17 December 2025 :
December 15, 2025 - USA. DPI Year End Report 2025
Majority of Capital Juries in 2025 Rejected Death Sentences
The Death Penalty Information Center released its Year End Report today, detailing the death penalty practices of 2025. The Report notes divergent and contradictory trends. On one hand, public opinion polls recorded historically low support for the death penalty, and the highest opposition in 50 years. New research about death sentencing is consistent with these findings. DPIC found that when capital juries were asked to choose between life and death, the majority, 56%*, rejected the death penalty. Stunningly, only 14* juries nationwide were able to unanimously agree to impose death sentences out of more than 50 capital trials. On the other hand, a small number of elected officials pushed executions to their highest level in 15 years, with 48* executions. Florida, which executed only one person in 2024, carried out 19* executions this year – 40% of the national total.
“The increase in this year’s execution numbers was caused by the outlier state of Florida, where the governor set a record number of executions,” said Robin Maher, Executive Director of the Death Penalty Information Center. “The data show that the decisions of Gov.
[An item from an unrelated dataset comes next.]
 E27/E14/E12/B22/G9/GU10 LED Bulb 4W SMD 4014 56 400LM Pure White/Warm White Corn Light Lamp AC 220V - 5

DeSantis and other elected officials are increasingly at odds with the decisions of American juries and the opinions of the American public.”
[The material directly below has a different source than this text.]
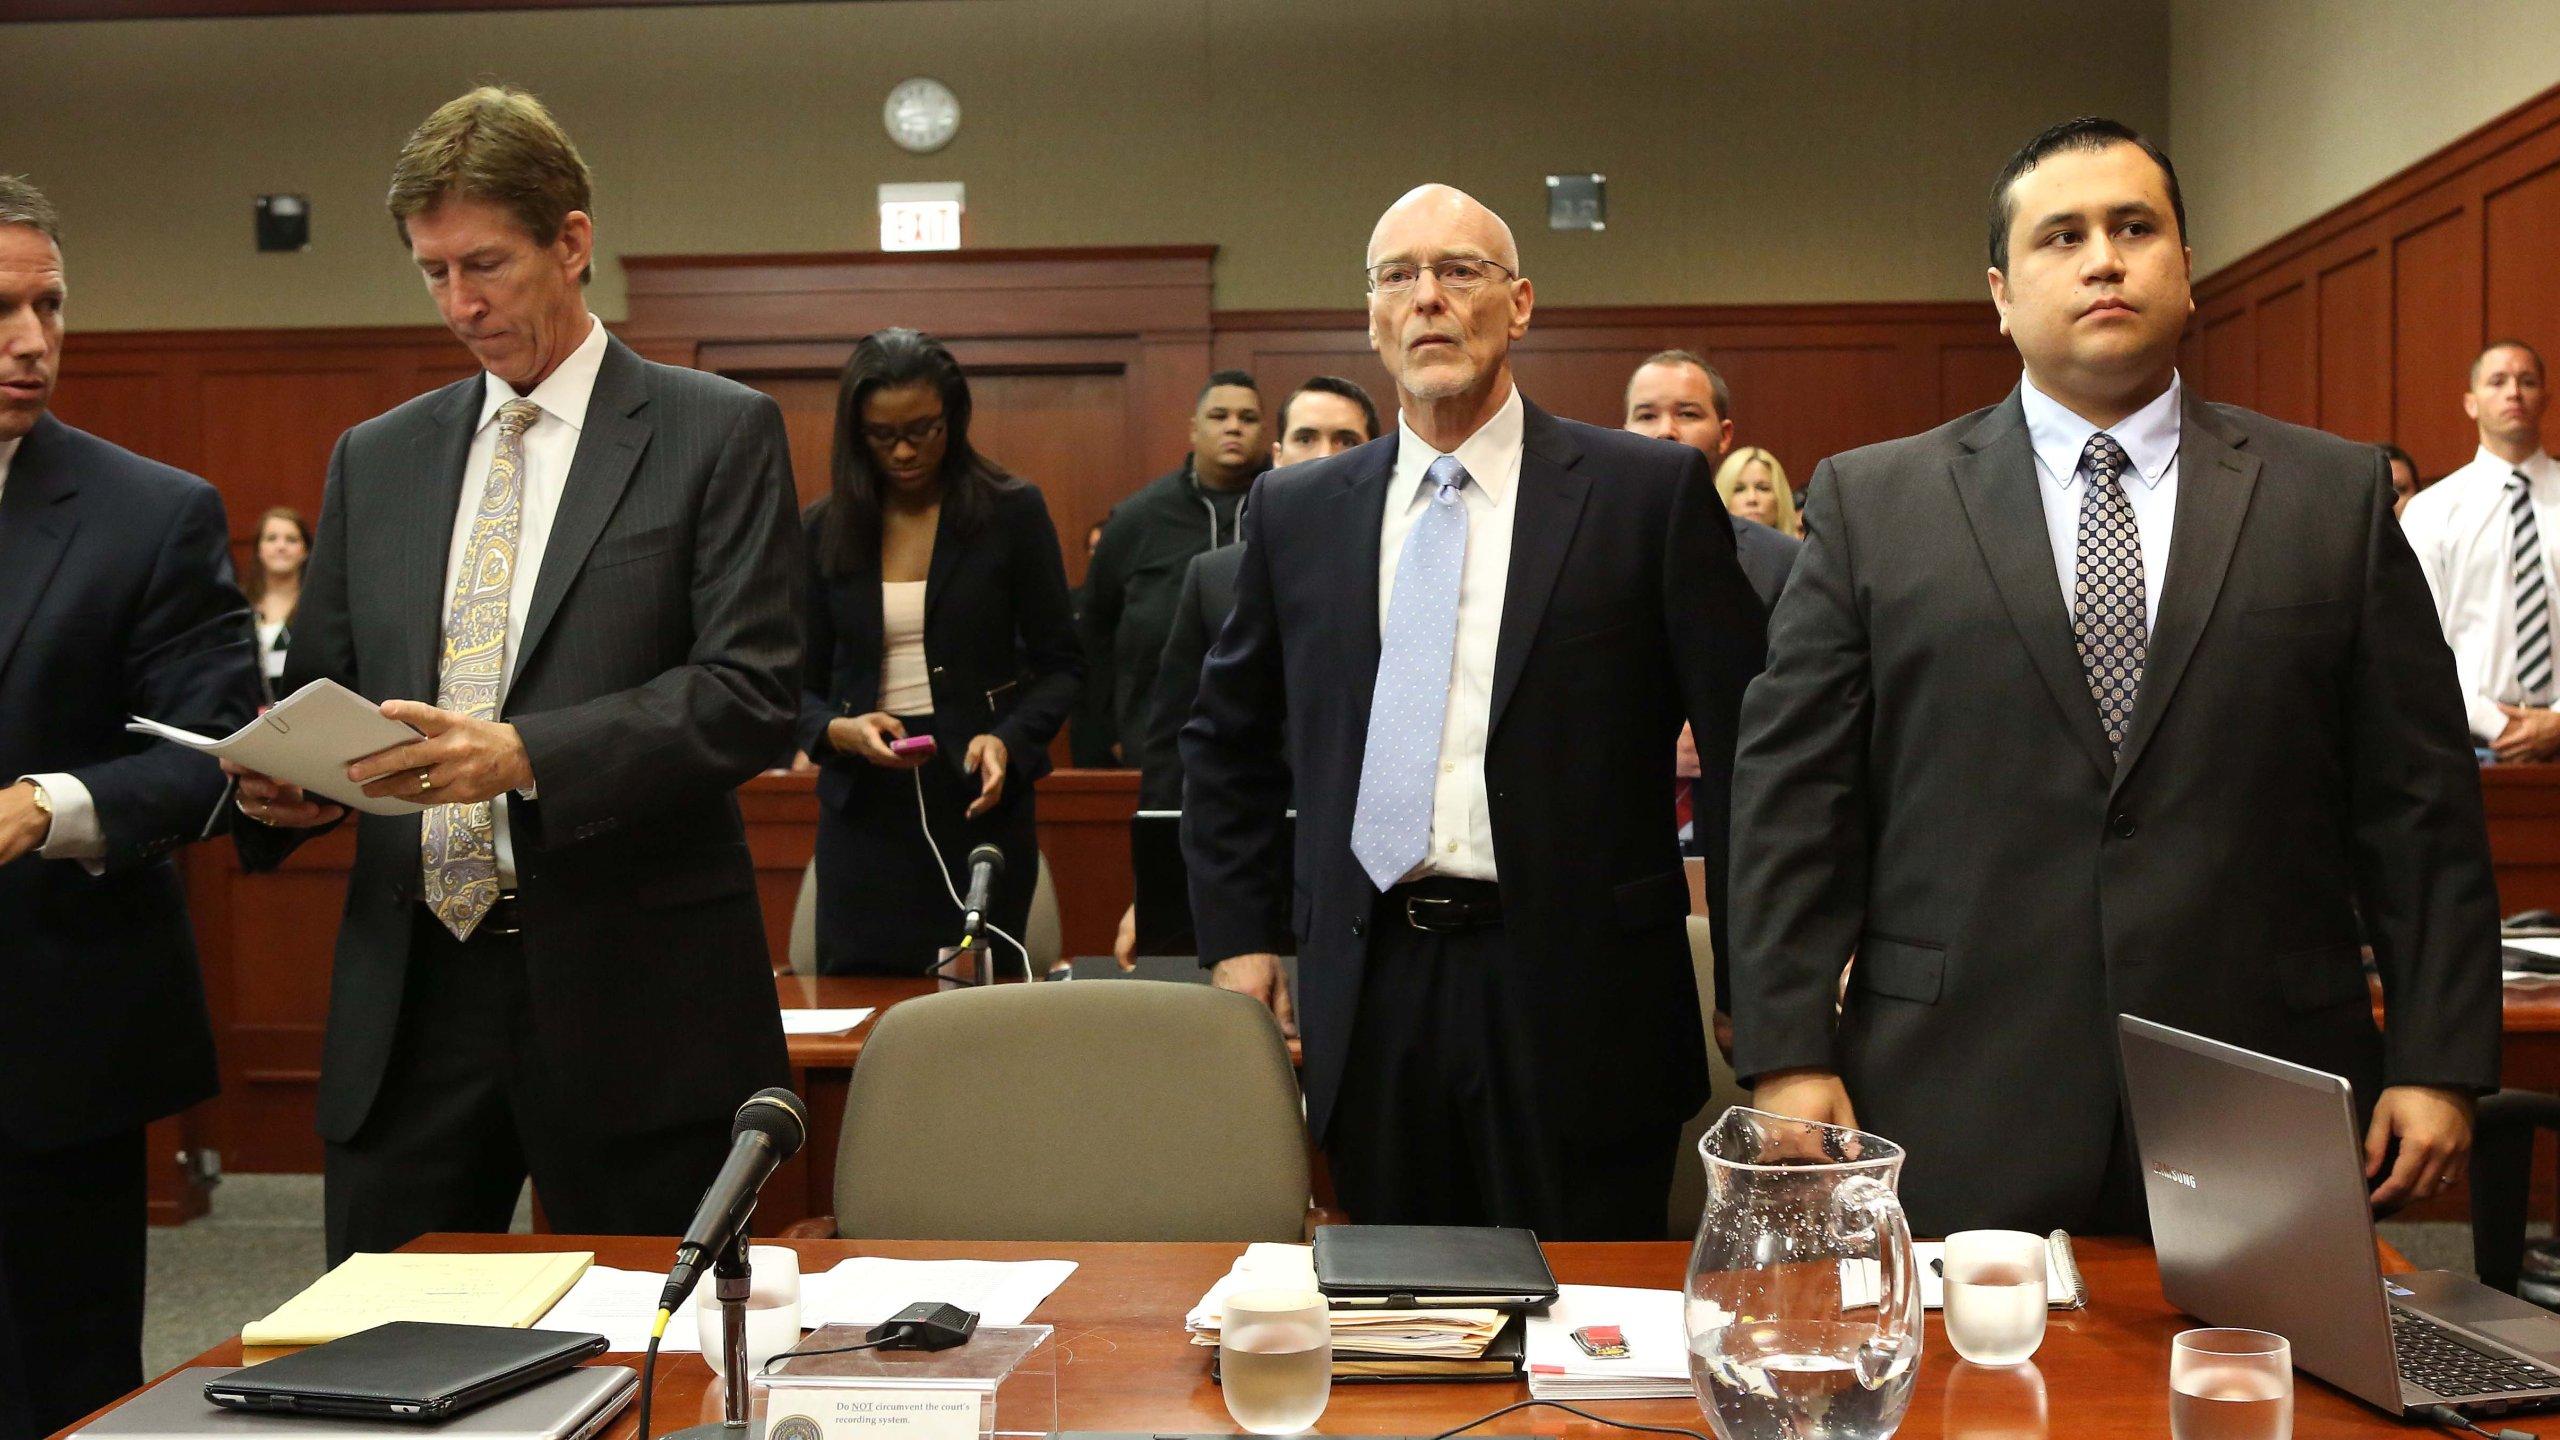 George Zimmerman watches the judge arrive in Seminole circuit court in Sanford, Fla., Monday. (Credit: CNN)

Use of the death penalty remains extremely isolated and concentrated. Only four states — Florida, Alabama, South Carolina, and Texas — were responsible for nearly three-quarters (72%*) of executions. Just three states — Alabama, California, and Florida — imposed 14* new death sentences, or 64%* of 22* new death sentences this year.
Longstanding concerns about unfairness in the application of the death penalty continued this year. The vast majority (83%) of people executed in 2025 had evidence of serious mental illness, intellectual disability, and/or severe childhood trauma or abuse. Eight were under 21 at the time of their crime. Thirteen people who were executed had been sentenced to death by non-unanimous juries. Ten people executed, including seven in Florida, were military veterans. As standards for representation have improved, defendants with these types of vulnerabilities have become less likely to be sentenced to death.
Methods of execution were the subject of legislation, litigation, and controversy in a dozen states. Louisiana adopted nitrogen gas as a method of execution and ended a 15 year pause with the execution of Jessie Hoffman in March. Witnesses reported that Mr. Hoffman “shook” and “jerked” during his execution. South Carolina continued to use the firing squad despite an autopsy report showing that shooters missed the heart of prisoner Mikal Mahdi in April. In Alabama, Anthony Boyd’s troubling nitrogen gas execution lasted nearly 40 minutes and prompted a passionate dissent from three of the Supreme Court’s justices.
The U.S. Supreme Court denied every request to stay an execution in 2025, a continued retreat from the critical role it has historically played in regulating and limiting the use of the death penalty.
*New death sentence numbers are accurate of December 15, 2025, at 9am ET. These numbers are subject to change if additional death sentences are handed down before the end of 2025. Asterisks indicate numbers that are subject to change. Execution totals include executions scheduled for December 17 and 18.